En 1643, el ejército francés derrotó en Rocroi a las tropas hispano-austriacas. En 1648 se firmó el Tratado de Westfalia, por el que se daba por concluida la Guerra de los Treinta Años en Europa y se reconocía la independencia de Holanda. Pero las hostilidades con Francia continuaron hasta la firma de la Paz de los Pirineos (1659), con la que la monarquía se replegó al sur de esta frontera natural, tras ceder la Cataluña Norte (Rosellón y parte de la Cerdaña) y perder algunas plazas en Flandes y Luxemburgo. Finalmente, Portugal vio reconocida su independencia en 1668.

Carlos II

Carlos II tenía una personalidad débil y enfermiza, con lo que agravó la crisis de la monarquía. En la última etapa del reinado mejoró la economía, aunque no desaparecieron las revueltas sociales (Segunda Germanía en 1693 y Motín de los Gatos en 1699). En el exterior, los más graves problemas se produjeron con la Francia de Luis XIV (pérdida del Franco Condado en 1678).

Sin embargo, el problema más importante del reinado fue el de la cuestión sucesoria. La evidencia de que Carlos II moriría sin herederos desencadenó una ofensiva diplomática de distintos países para colocar en el trono de España a un potencial aliado de sus intereses. Los dos principales candidatos fueron:

  • Felipe de Borbón: Respaldado por Francia.
  • Archiduque Carlos de Austria: Apoyado por el emperador austroalemán y por las potencias europeas (Inglaterra, Holanda y Portugal) que temían el enorme poder que acumularían los Borbones.

La elección recayó en el candidato francés, que fue coronado como Felipe V. Inglaterra, Austria y Holanda firmaron la Alianza de la Haya y declararon la guerra a los Borbones (Guerra de Sucesión, 1701-1714).

El Imperio Colonial y la Economía

El imperio colonial español alcanzó su máximo apogeo entre finales del siglo XVI y la primera mitad del siglo XVII (unión con Portugal). Los territorios americanos portugueses fueron incorporados a Castilla. Eran administrados por el Consejo de Indias, del que dependía la Casa de Contratación de Sevilla, encargada de regular el monopolio comercial con América.

Los territorios americanos fueron divididos en virreinatos (como los de Nueva España y Perú). Los recursos económicos americanos se convirtieron en una fuente de ingresos esencial para la monarquía. Destacaron las explotaciones mineras (Potosí) y las explotaciones agropecuarias, que seguían el sistema de la encomienda.

Cultura y Pensamiento: El Siglo de Oro

Entre finales del siglo XVI y finales del siglo XVII, la cultura española vivió un periodo de máximo esplendor, caracterizado por la difusión del Barroco en las artes, la conciencia de crisis y el predominio de los principios de la Contrarreforma.

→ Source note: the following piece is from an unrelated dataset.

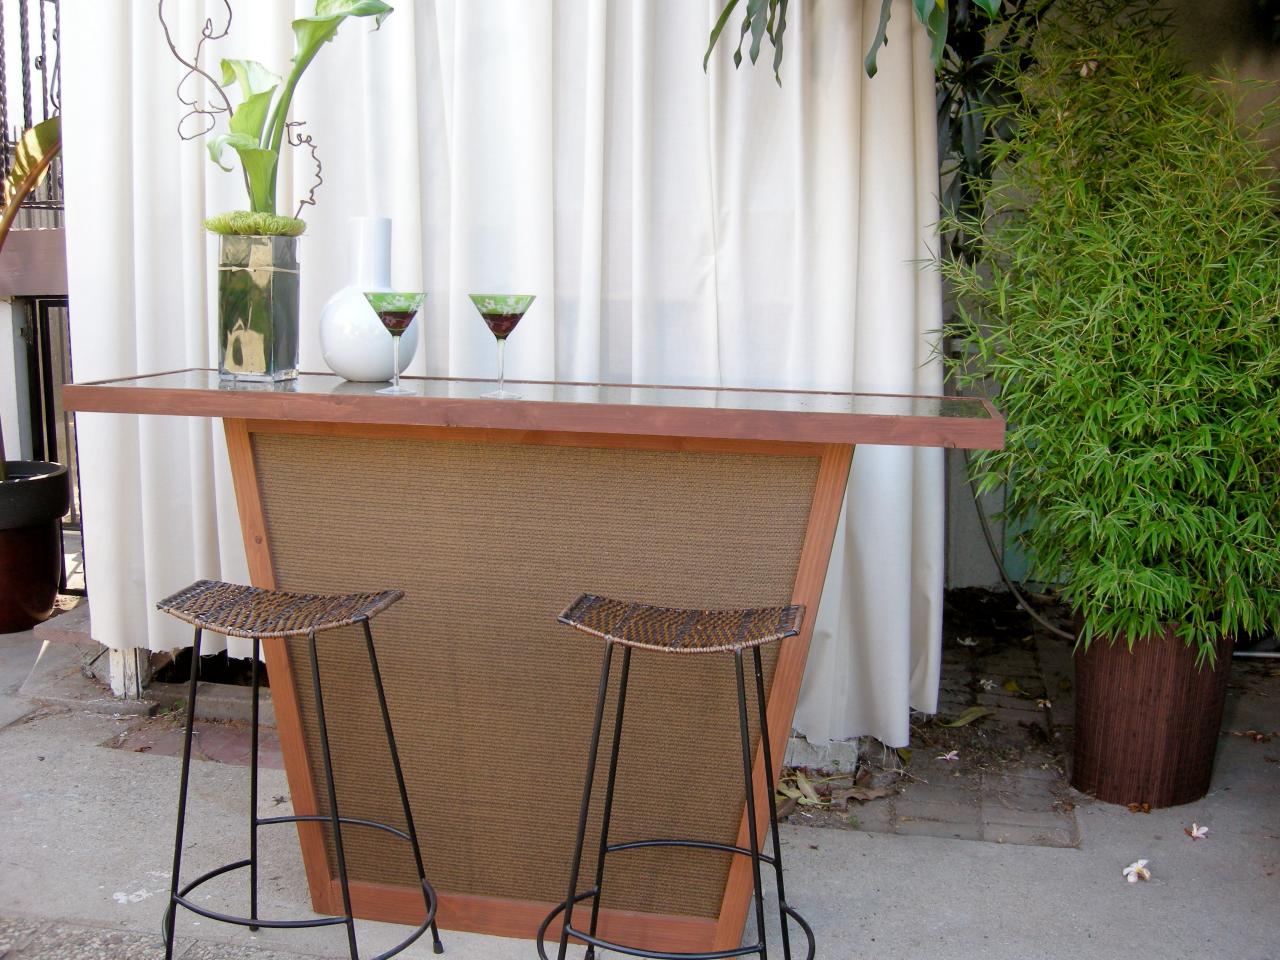 Build An Outdoor Bar With A Pebble Top, Outdoor Bar Table Top Ideas

  • Literatura: Destacaron Góngora, Quevedo, Cervantes, Lope de Vega, etc.
  • Pintura: Velázquez, Zurbarán y Murillo.
  • Pensamiento: El pensamiento teológico y filosófico alcanzó un desarrollo notable (Francisco de Vitoria, Juan de Mariana…), sin embargo, el pensamiento científico español no estaba muy avanzado por la censura, la falta de apoyo público y privado, etc.